Il va falloir s’y habituer, l’intégrer comme paramètre constant et incontournable dans tout ce que nous allons entreprendre : hygiène, bâtiment, production vivrière et industrielle, loisirs, etc. : tout est d’ores et déjà soumis à l’impératif de l’économie de l’eau.
Cela fait déjà quelques décennies qu’on s’est mis à agiter le spectre de la soif. Cela nous paraissait alors lointain, comme promis aux générations suivantes. Et, égoïstement, nous n’avons rien entrepris pour prendre en compte cette échéance et mettre en œuvre une stratégie de gestion de l’eau, une ressource plus précieuse que toutes les autres puisque vitale pour tous les vivants. Pas d’actions d’envergure pour rationaliser la consommation de ce liquide, ni de plans audacieux pour en conserver les quantités phénoménales perdues dans les méandres de réseaux souterrains usés jusqu’à la corde ou en surfaces en temps —de plus en plus rares, il est vrai— de crues ; pas plus qu’on a drainé les barrages envasés et dont le limon aurait été d’une grande utilité pour la bonification de vastes périmètres aujourd’hui en friche pour cause d’infertilité. Et même les timides actions de recyclage des eaux usées se sont le plus souvent révélées de médiocre qualité.
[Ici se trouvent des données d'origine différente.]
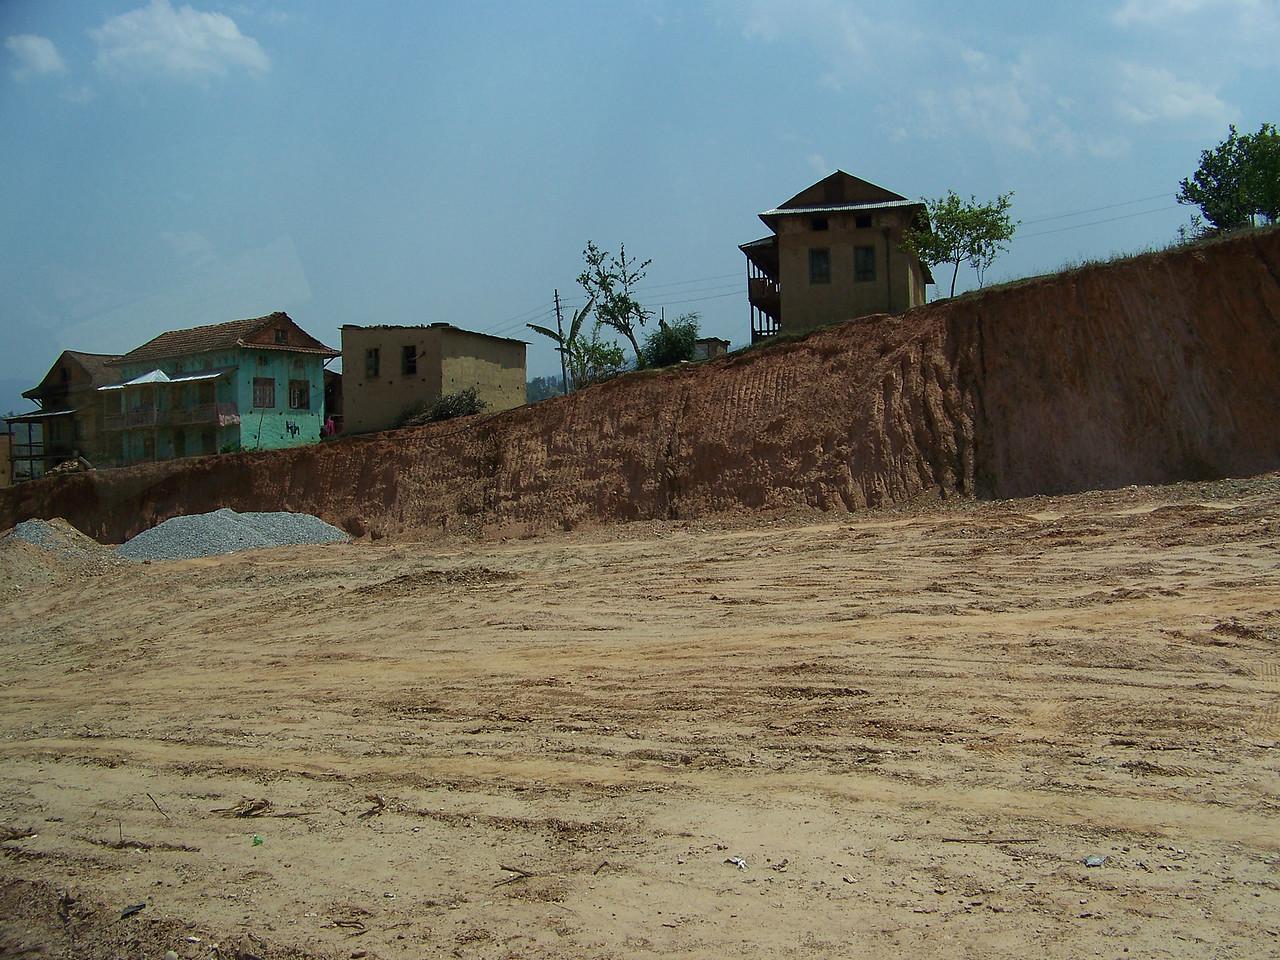 0667 - Scenery along Araniko Highway in Nepal Between Kodari and Katmandu - Nepal.JPG

Bref, aujourd’hui nous en sommes là : une eau qui se raréfie dans nos robinets quand robinets il y a, avec le corolaire de cette pénurie, un moindre confort dans la vie de tous les jours tout le temps et partout. On vous parlera de plans de reconversion d’activités consommatrices d’eau et de mise en œuvre de nouvelles technologies de désalinisation de l’eau, aujourd’hui une véritable goutte d’eau dans la mer. Il n’est pas nécessaire de fourrer son nez dans l’intimité des gens pour constater l’infraction.
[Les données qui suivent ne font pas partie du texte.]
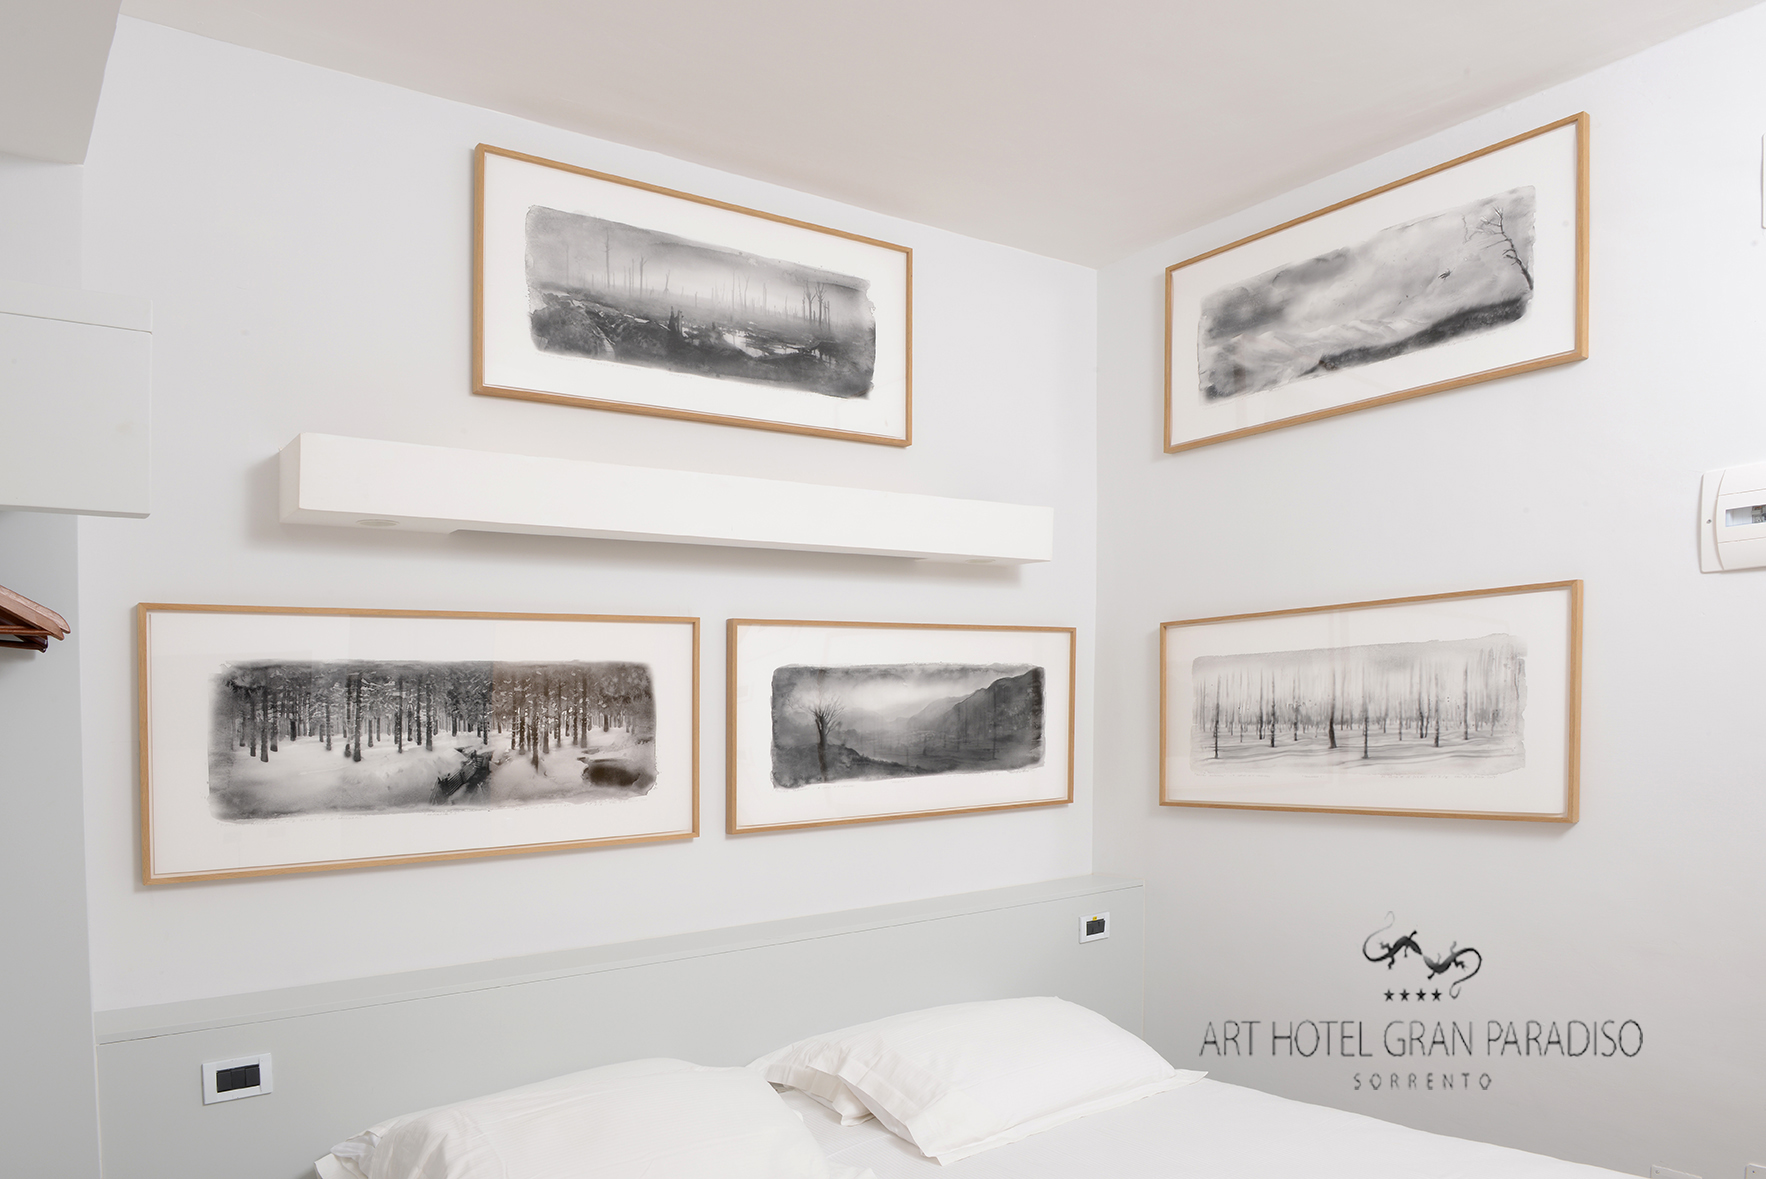 Art_Hotel_Gran_Paradiso_2013_409_Hans_Op_de_Beck_1.jpg

Des dispositions immédiates et drastiques doivent être édictées par le ministère de l’Agriculture qui gère le secteur hydrique en vue de comprimer le plus possible la consommation d’eau. L’an dernier, ce département s’est bien fendu d’un arrêté interdisant toute forme de gaspillage de l’eau et son utilisation à des fins non indispensables tels que le lavage des voitures, le remplissage des piscines, les activités ménagères à grande eau et même l’arrosage des jardins. Sous peine de fortes amendes !
Pas plus tard qu’avant-hier en fin d’après-midi, les jardiniers du théâtre antique de Carthage arrosaient généreusement la haie de plantes ornementales courant le long de la devanture de l’aire d’accès au monument accueillant les spectacles du festival de Carthage, ce qui est compréhensible, mais inondaient également la chaussée qui passe devant !
En fait, quiconque circulerait dans cette prestigieuse commune enjamberait, chaque matin, des filets d’eau sortis des résidences riveraines ou ceux coulant le long de trottoirs convertis en stations de lavage de voitures et qui convergent vers les caniveaux, formant de véritables petits ruisseaux qui courent sur des dizaines de mètres. Il n’est ainsi pas nécessaire de fourrer son nez dans l’intimité des gens pour constater l’infraction. Et Carthage n’a pas l’apanage de cet abus. La question, toute la question n’est pas de savoir si nous sommes bien outillés pour faire face à une situation périlleuse. Nous le sommes. Le tout est de mettre en œuvre ces outils.